Auch wenn es in weiten Kreisen vehement bestritten wird, kann Vernunft heute durchaus mit wirtschaftlichen Interessen gleichgesetzt werden. Dies erkannte auch die spanische Philosophin, Aktivistin und Schriftstellerin María Zambrano (1904-1991).
María Zambrano dachte den Begriff der Vernunft neu. Sie wandte sich von einer patriarchalisch geprägten Vernunft ab, die in wirtschaftlichen Interessen gipfelt und dabei das Sein des Menschen vernachlässigt.
María Zambrano wuchs in Spanien auf und studierte dort Philosophie. Als 1936 der Bürgerkrieg ausbrach, war sie Gründungsmitglied der “Alianza de Intelecutales Antifascistas”. In dieser Zeit schrieb sie über die Rolle der Intellektuellen im Kampf gegen den Faschismus. Als 1939 das Franco-Regime siegte, musste sie fliehen. Es begann ein Leben im Exil, das fünf Jahrzehnte dauern sollte.
Frankreich, Kuba, Mexiko, Puerto Rico, Italien und die Schweiz waren die Länder, in denen sie in dieser Zeit lebte. Die Erfahrung, im Exil leben zu müssen, brachte sie ihrer Philosophie näher, dass das ganze Leben ein Exil sei.
Denn in der modernen Kultur sei der Mensch auf der Flucht vor einer Vernunft, einer Vernunft, die ihn mit seinem Ursprung verbindet. Durch das Exil - real oder metaphorisch - erfährt der Mensch einen Ich-Verlust, eine Existenzverneinung und fühlt sich infolgedessen in seinem Sein ortlos, nicht verortbar.
Wenn nun, anders als in der abendländischen philosophischen Tradition, eine poetische Vernunft hinzukommt, wenn also Herz und Seele einbezogen und nicht übergangen werden, wenn über Liebe und Tod philosophiert wird, dann geschieht ein Blick des Herzens.
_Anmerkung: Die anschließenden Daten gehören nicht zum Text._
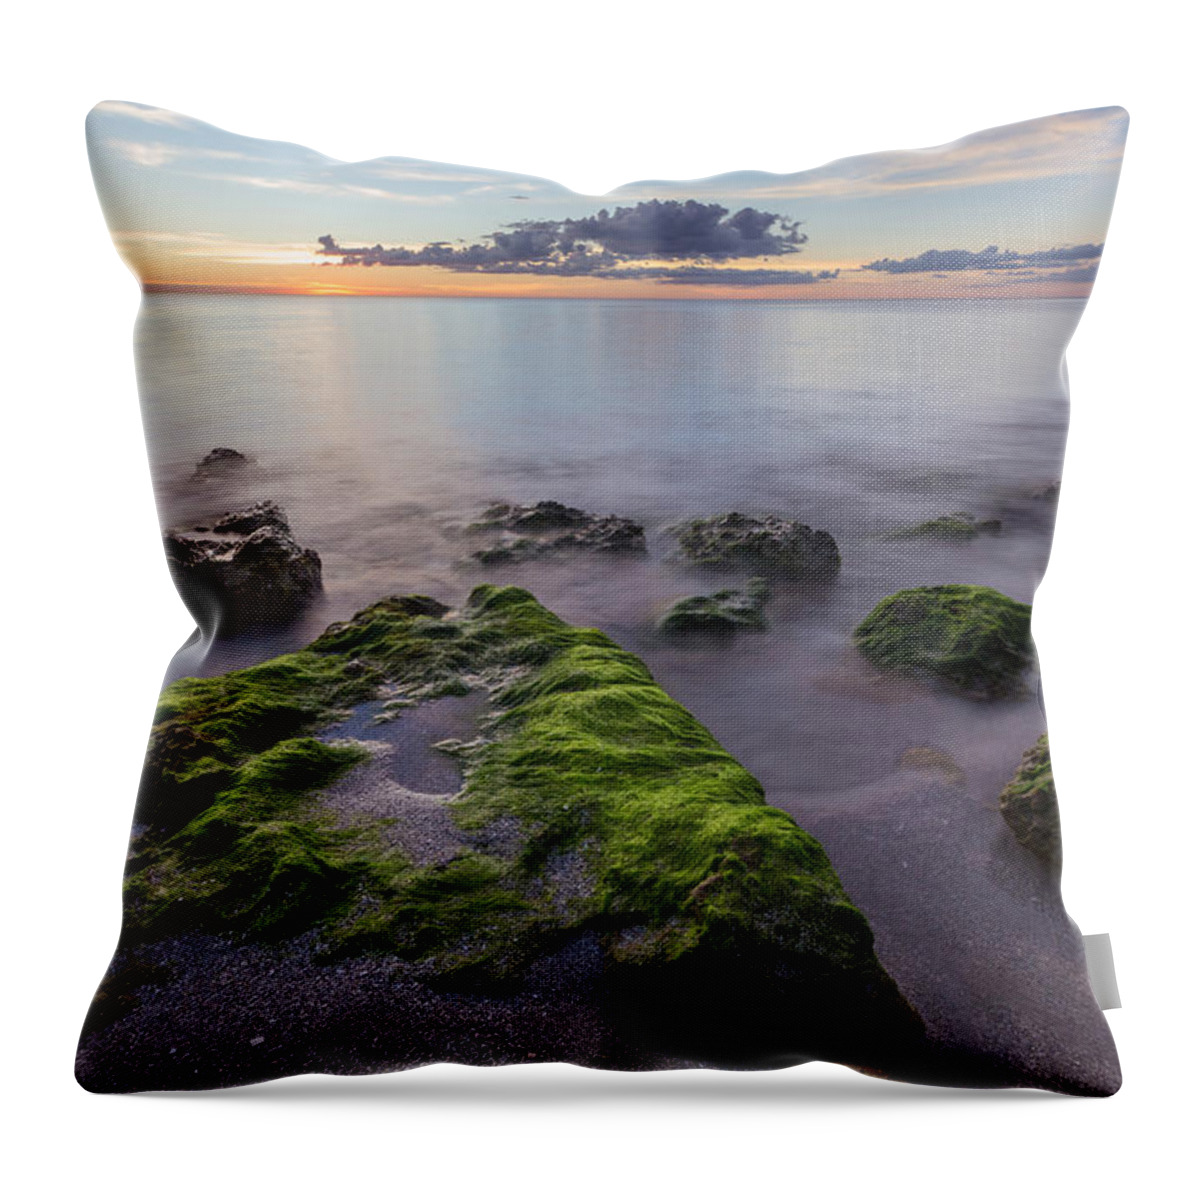 Florida Throw Pillow featuring the photograph Caspersen Beach Sunset by Paul Schultz

Dann wird das Sein zum Ergreifen des Lichts.
Vielleicht ruft ein Vogel und lädt ein, den Weg zu gehen, den seine Stimme anzeigt. Und man folgt ihr; dann findet man nichts, nichts außer einem unberührten Ort, der sich in diesem einzigen Augenblick geöffnet zu haben scheint und der sich niemals wieder so darbieten wird. Man darf ihn nicht suchen. Man darf nicht suchen. Das lehren die Waldlichtungen auf der Stelle: man darf sich nicht aufmachen, sie zu suchen und auch nicht, in ihnen etwas zu suchen. Nichts Bestimmtes, Vorgeformtes, Bekanntes.
Ferner soll der Mensch sich die Zeit zurückholen, sie zurückgewinnen. Schließlich ist die Zeit der Ort, IN dem der Mensch lebt.
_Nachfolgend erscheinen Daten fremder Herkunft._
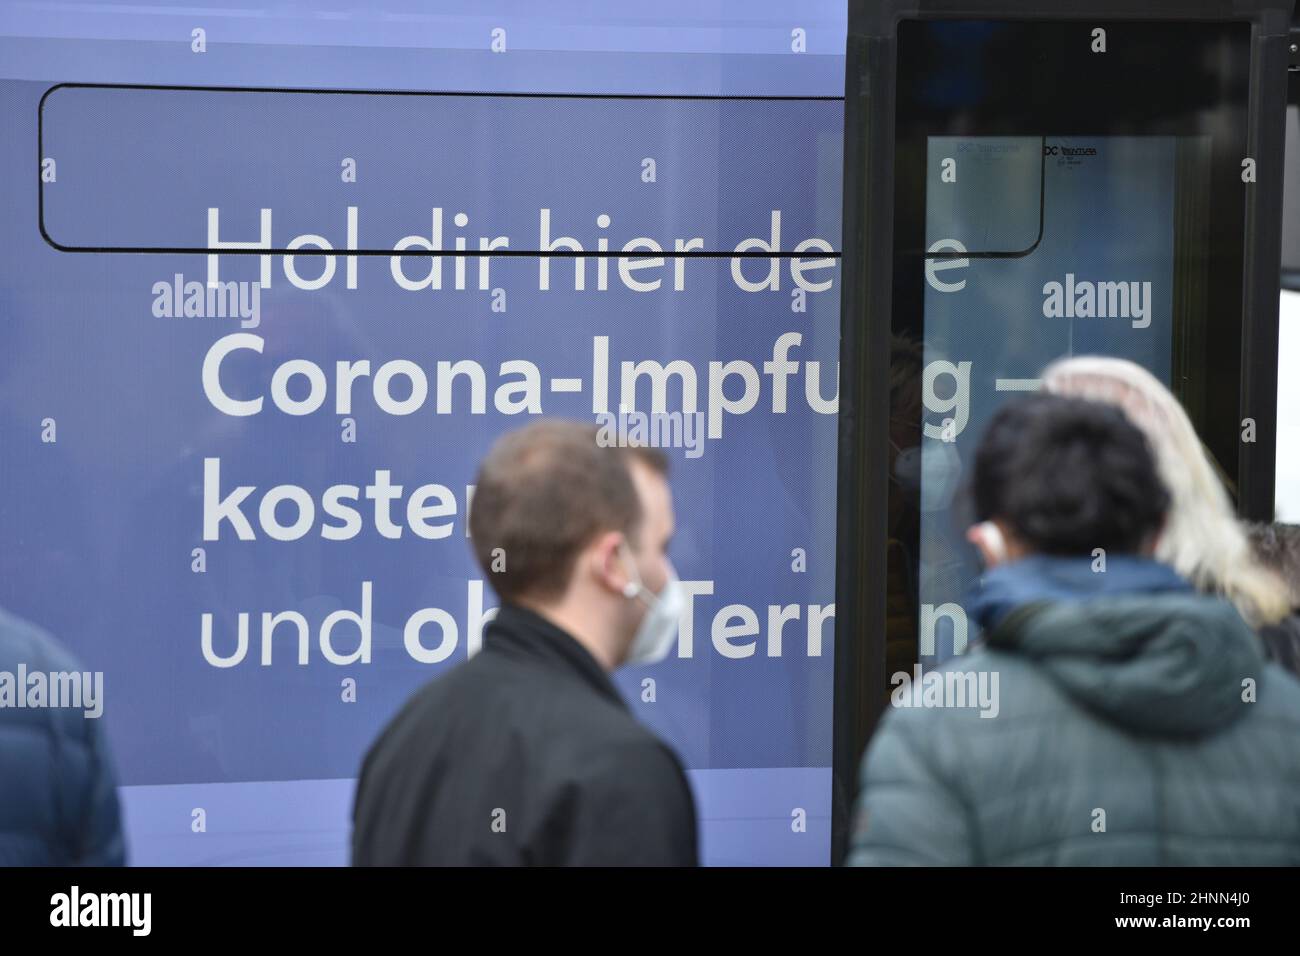 Viele Menschen, die eine Corona-Impfung ahben wollen, vor einem Impfbus der Stadt Wien. Österreich, Europa - viele Menschen, die sich vor einem Impfbus aus der Stadt Wien eine Corona-Impfung wünschen. Österreich, Europa Stockfoto

In der Poesie sah sie einen besonderen Zugang zur Erkenntnis. Seelenleben, Traum, Wahn usw. waren wichtige Bestandteile ihrer Philosophie.
María Zambrano schrieb zahlreiche Aufsätze, aber auch Bücher. Zentrale Werke ihres Denkens sind Der Verfall Europas (Original: La agonía de Europa) und Waldlichtungen (Original: Claros del bosque).
Das Buch Der Verfall Europas erschien 1945. Nach zwei Weltkriegen, die in Europa ihren Anfang nahmen, versucht sie in diesem Werk, diese weltpolitische Katastrophe zu analysieren. Sie beschäftigt sich mit der Frage des Menschseins, nach dem Sein in Europa angesichts der beiden Weltkriege. Ausgehend davon wirft sie einen Blick zurück auf die abendländische Kultur und reflektiert über den europäischen Menschen.
Für Waldlichtungen erhielt sie 1988 den Cervantes-Literaturpreis, den wichtigsten spanischen Literaturpreis. In diesem Werk begibt sie sich auf die Suche nach der Wahrheit, die für sie nicht durch logische Erkenntnis zu finden ist.
Und wenn er sich in dieser Suche verliert, kann es ihm geschehen, daß er vielleicht einen geheimen Ort in der Tiefe entdeckt, der die verwundete Liebe aufnimmt, die immer verwundet ist, wenn sie sich aufmacht, um sich zu sammeln.
Diese Sehnsucht nach Wahrheit, nach der Erfahrung des Seins, spiegelt sie in der Natur. María Zambrano sucht einen Weg durch den dichten Wald, einen Wald des Nichtwissens, hin zu einer Lichtung, die zunächst völlig verborgen ist. Die Waldlichtungen symbolisieren somit den Beginn eines neuen Erkenntnisweges zu dem, was verloren scheint und gleichzeitig den Ursprung des Seins darstellt.